Malignant melanoma of the conjunctiva is a rare unilateral disease occurring most frequently in patients 50 years or older.
1 Although its natural history has not been clearly established, it is potentially life-threatening.
2 This paper presents the history and management of a case of malignant melanoma of the conjunctiva seen at the UP-PGH. A 42-year-old male sought medical attention for an enlarged mass on the inner portion of the left upper lid. Two darkly pigmented lesions, one measuring 1 mm x 1 mm over the bulbar conjunctiva at the medial canthus, the other measuring 3 mm x 1 mm on the inner portion of the left upper eyelid, had been present since age 10. Visual acuity was 6/6 (20/20) in the right eye and 6/15 (20/50) pinhole to 6/6 (20/20) in the left eye. Gross examination showed a reddish-black, nodular, vascularized, and bleeding mass measuring 2 cm x 3 cm x 3 cm on the left upper palpebral conjunctiva. There was diffuse pigment-ation of the caruncle and bulbar conjunctiva. The rest of the eye findings were normal. Systemic work-up were negative. Cranial computed tomography (CT) showed a homogenous, slightly hyperdense soft-tissue mass on the left eyelid, measuring 1.5 cm x 2.2 cm x 0.8 cm and without osseous involvement. The left globe was intact. Differential diagnosis for the pigmented lesions include a large nevus, ciliary body melanoma with extraocular extension, a pigmented conjunctival carcinoma, and melanocytoma. Grossly, these disease entities are similar; only a histological examination can differentiate them from true malignant melanoma. A section biopsy of the mass was done showing epithelial configuration of spindle cells also seen in samples taken from the medial and lateral canthal areas.

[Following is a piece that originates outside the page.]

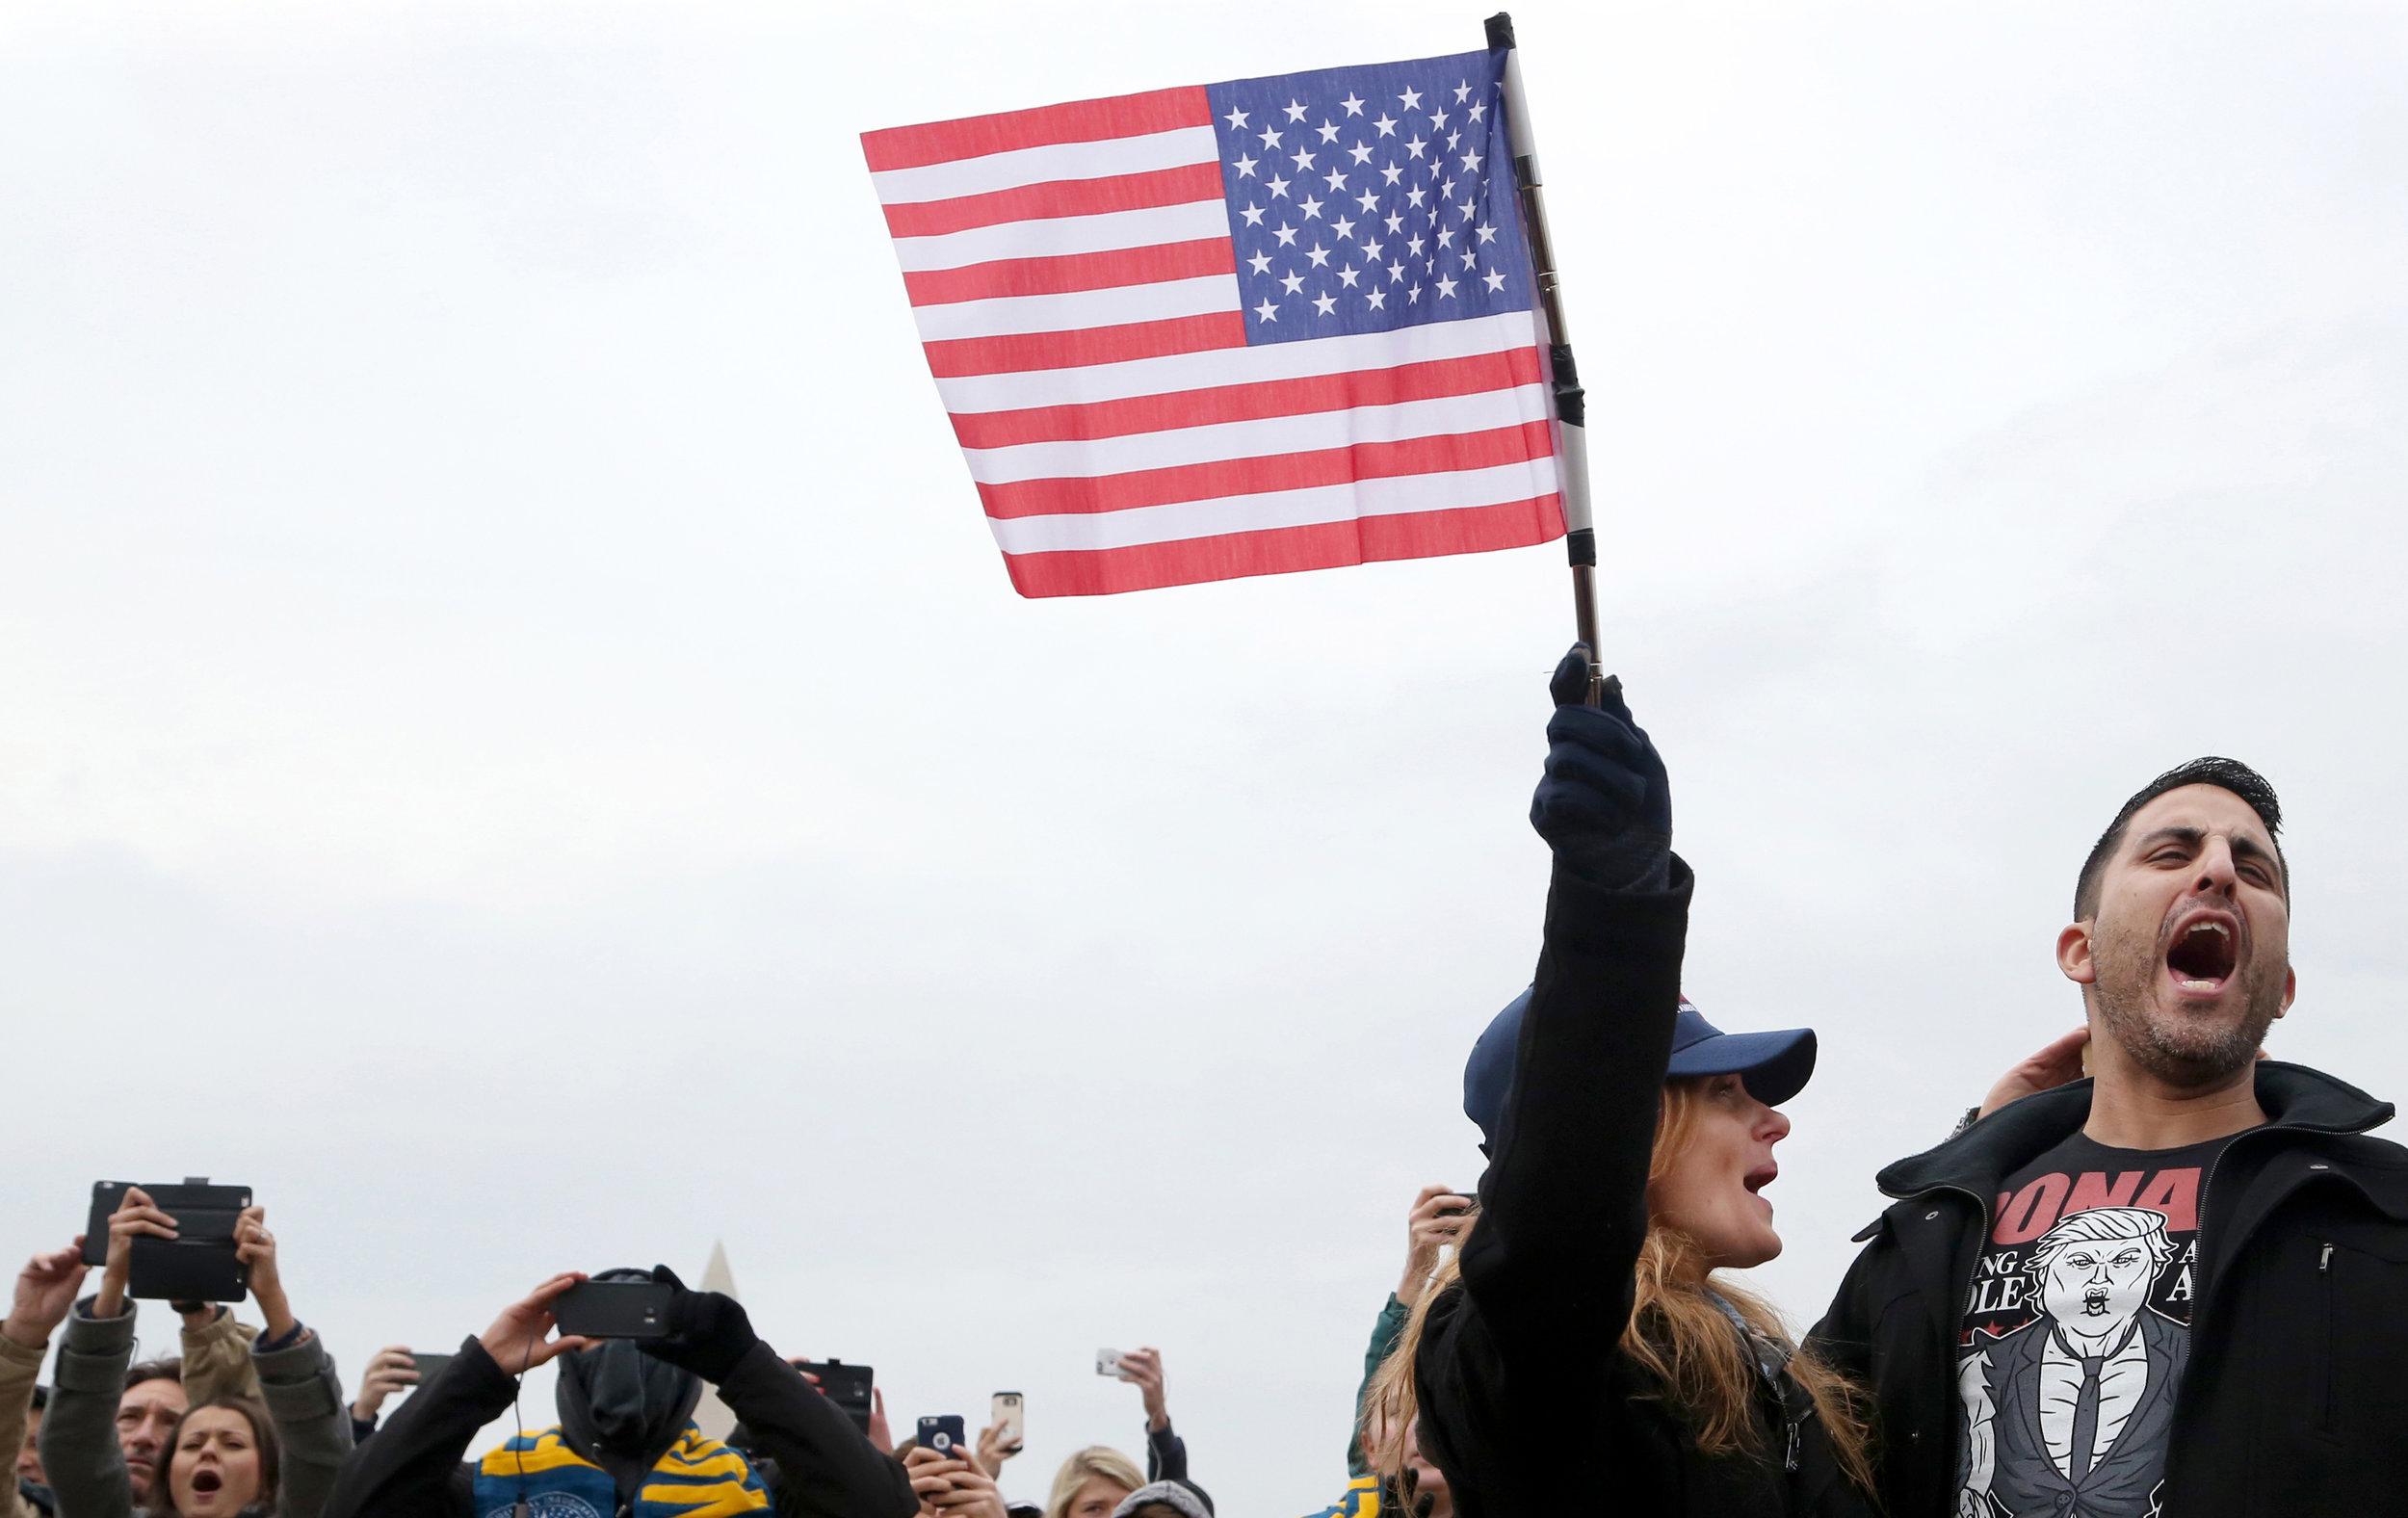 7_inauguration_caitlinfaw_flag waving.3.jpg

Two principal cell types are found in malignant melanoma: the fascicular type where spindle cells are arranged in rows and the epithelioid configuration consisting of larger polygonal cells with distinct boundaries. Malignant melanoma starts as an extraepithelial proliferation of atypical melanocytes that can spread radially (superficial spread or pagetoid growth) within the epithelium for prolonged periods and produce flat, golden brown pigmentation that may have a waxing and waning course. A vertical, invasive phase occurs later, which extends into the substantia propria. If the radial phase is short, a localized invasive nodule may become present.

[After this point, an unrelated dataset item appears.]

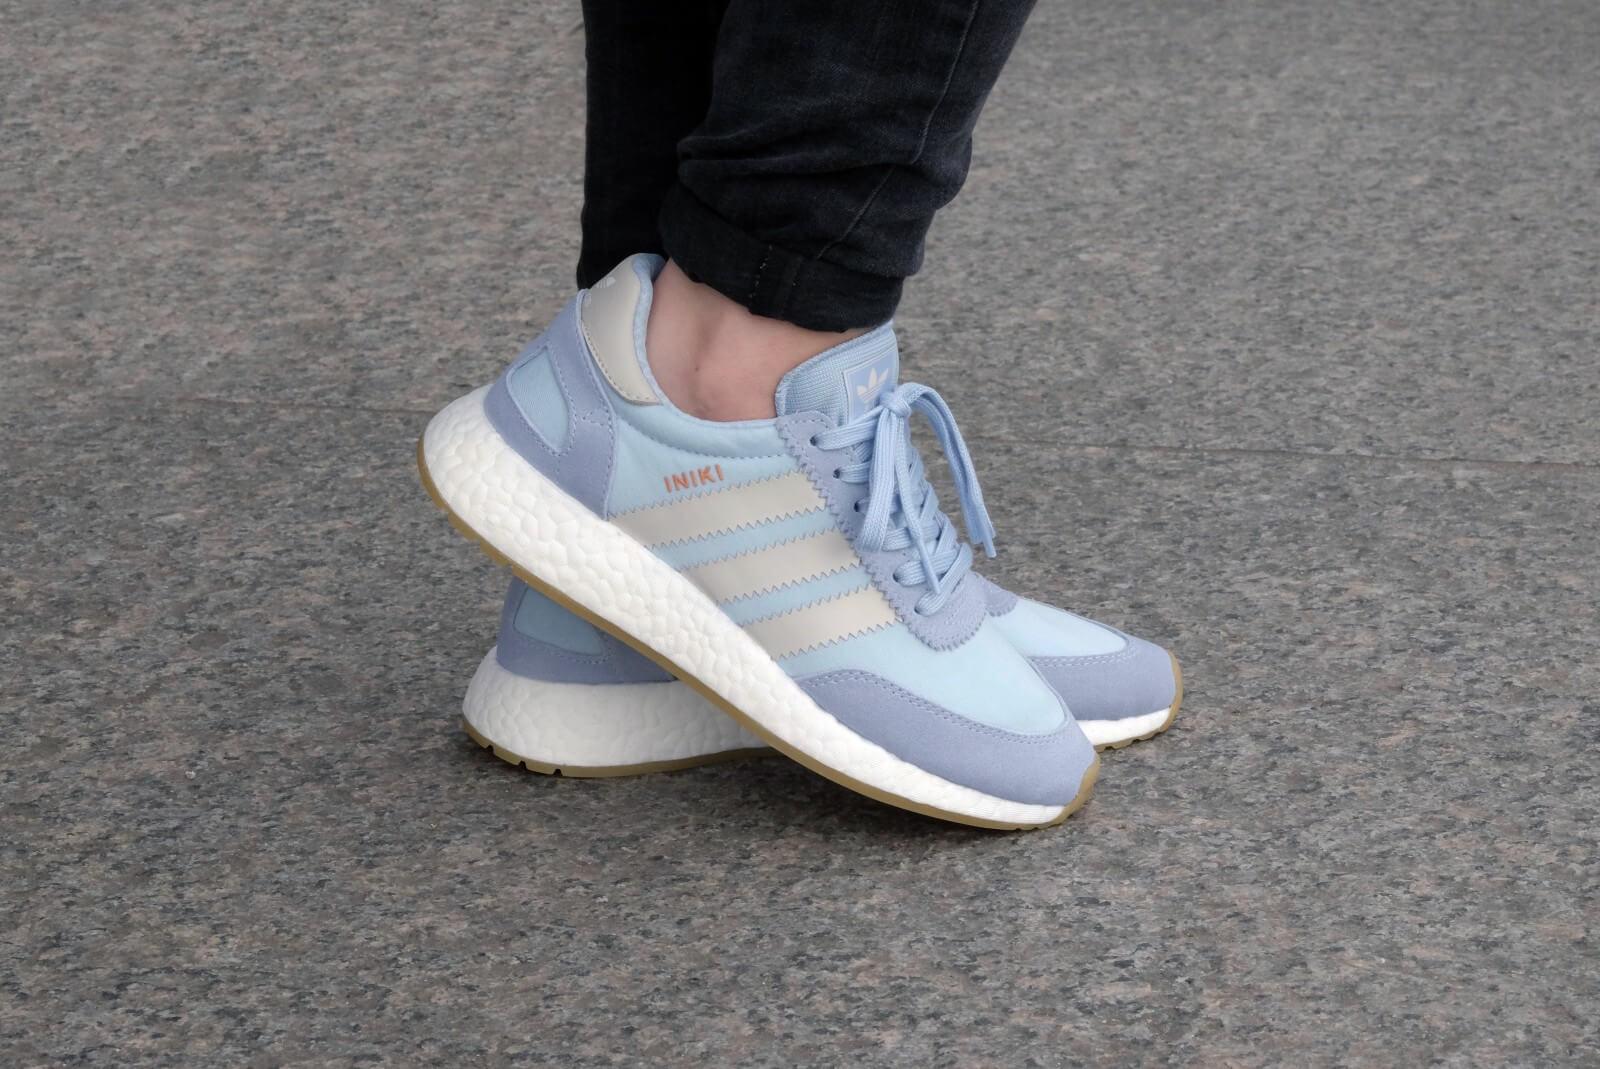 Adidas Iniki Runner Easy Blue/Pearl

3 Malignant melanomas have no known association with solar exposure, but host factors play an important role in its development.
2 Almost all conjunctival melanomas develop in a preexisting pigmented conjunctival lesion. Eighteen percent arise in a conjunctival nevus and can occur as a solitary circumscribed lesion, which never recurs after local excision. About 57% present as a diffuse lesion or multiple lesions associated with or arising from primary acquired melanosis (PAM) of the conjunctiva.
2, 3 PAM usually presents in middle age with flat, granular, intraepithelial reddish-brown pigmentary change, initially noted in the bulbar conjunctiva. Clues to malignant transformation of PAM include increased thickness, a change in pigmentation, the appearance of prominent blood vessels feeding a tumor, and tethering of the conjunctiva to the underlying sclera, where it is usually mobile.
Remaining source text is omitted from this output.